Pastilah itu mesti dimaknai secara konotatif. Memandangi langit, melihat langit, adalah membaca (iqra) terhadap keluasan dan ketinggian makhluk ciptaan Allah, yang begitu taat menjalankan amanah-Nya untuk menaungi bumi dari panasnya matahari. Dulgemuk harus membaca, mengkaji dan memahami bahwa ciptaan Allah saja begitu luar biasa, maka bagaimana Sang Maha Pencipta? Allahu Akbar, begitu kecil dan tak berdaya Dulgemuk saat ini.
Kemudian, “kamu harus bernyanyi, menari”. Ini juga bukan arti harafiah.
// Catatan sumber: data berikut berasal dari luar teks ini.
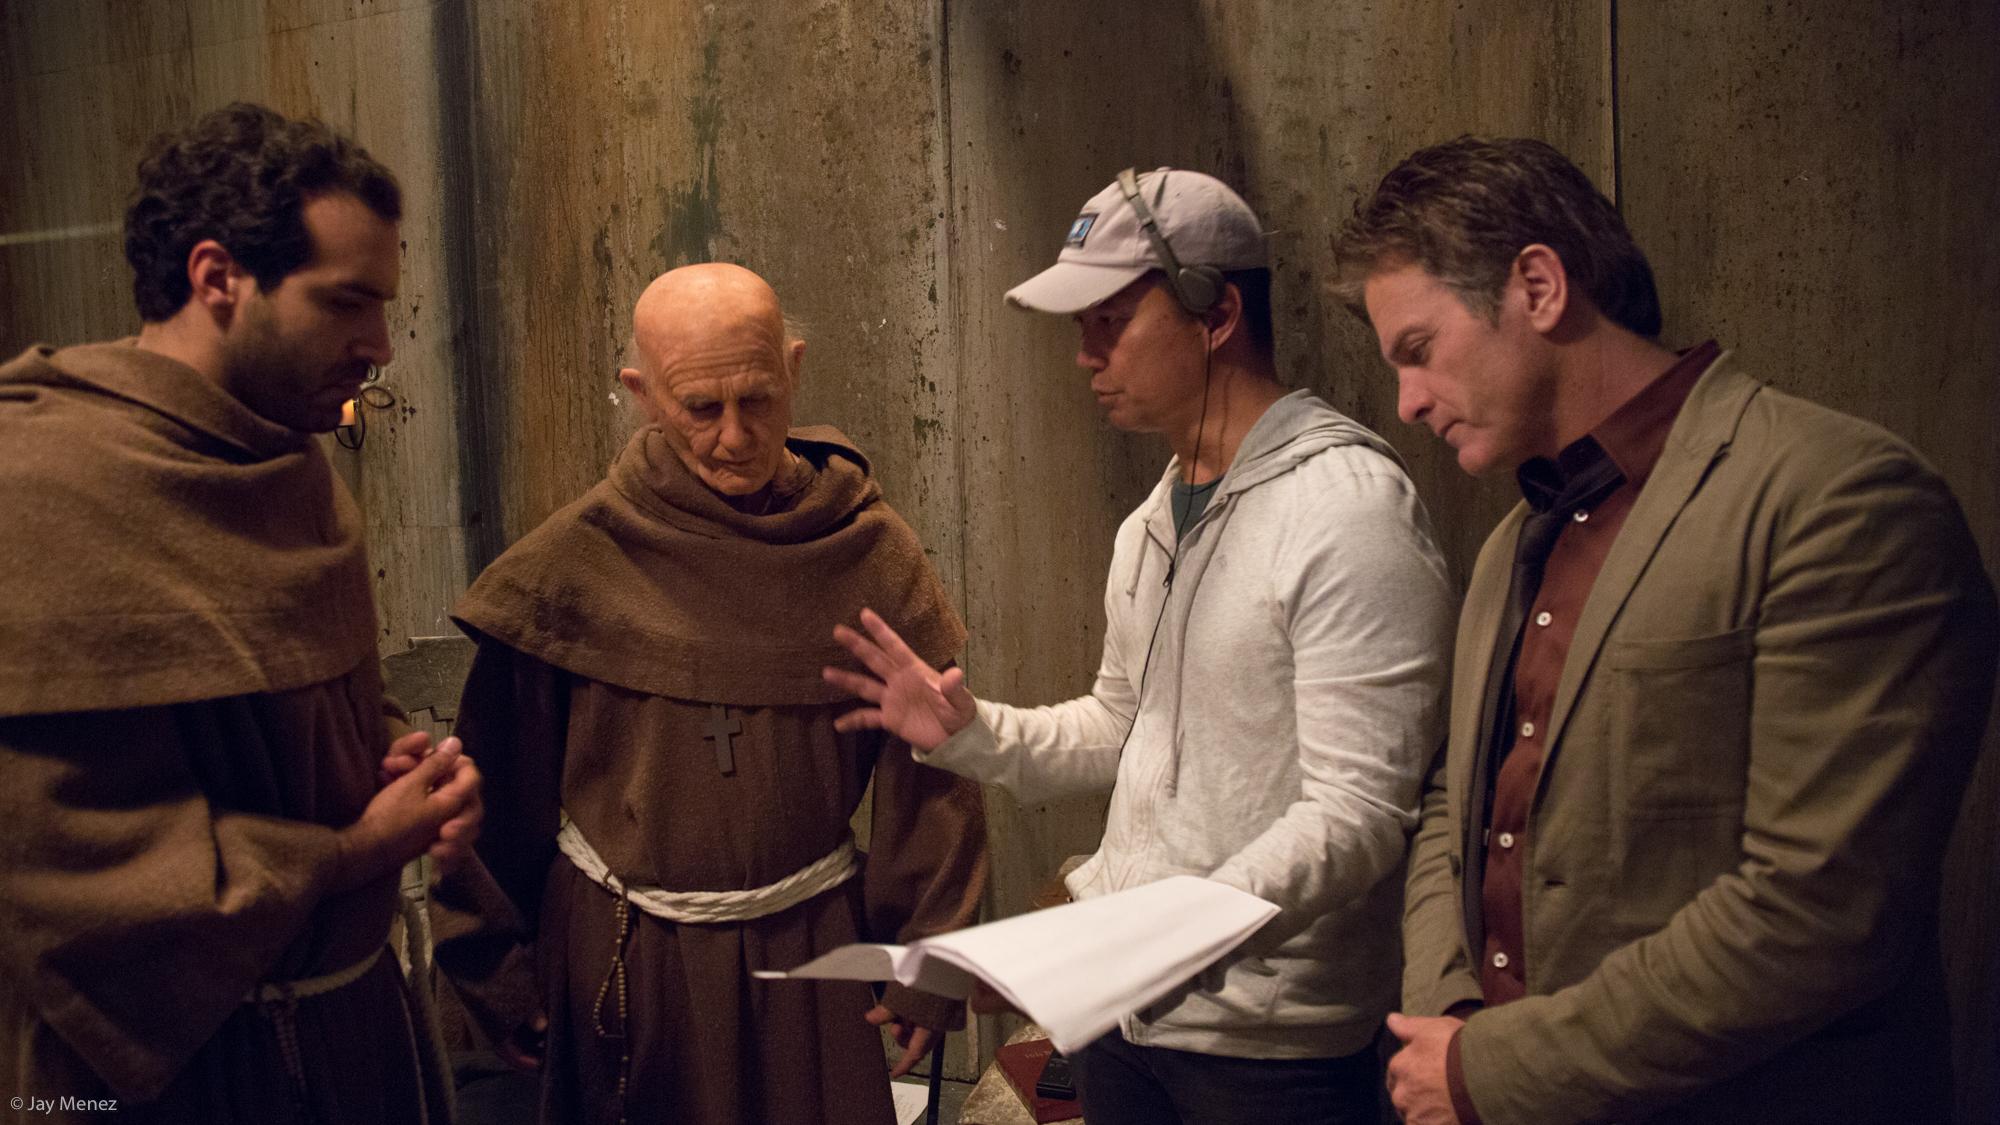 Sanctuary (2016) Actors Alain Washnevsky, Sava Markovic, Jon Briddell and Director Jay Menez

Sebab, jika diharafiahkan, Dulgemuk juga ketawa sendiri, sebab selama ini dia hanya menyanyi di dalam kamar mandi—tak sekali pun menyanyi untuk pesta atau acara hiburan! Menari? Sama saja! Waktu dia kecil sih pernah main drama dan menari bersama di panggung perpisahan SD, namun setelah itu stop sudah. Terlebih, sejak dia berguru mengaji pada ustadz yang tidak suka seni, maka “minat” kecil menari Dulgemuk ikut amblas sudah.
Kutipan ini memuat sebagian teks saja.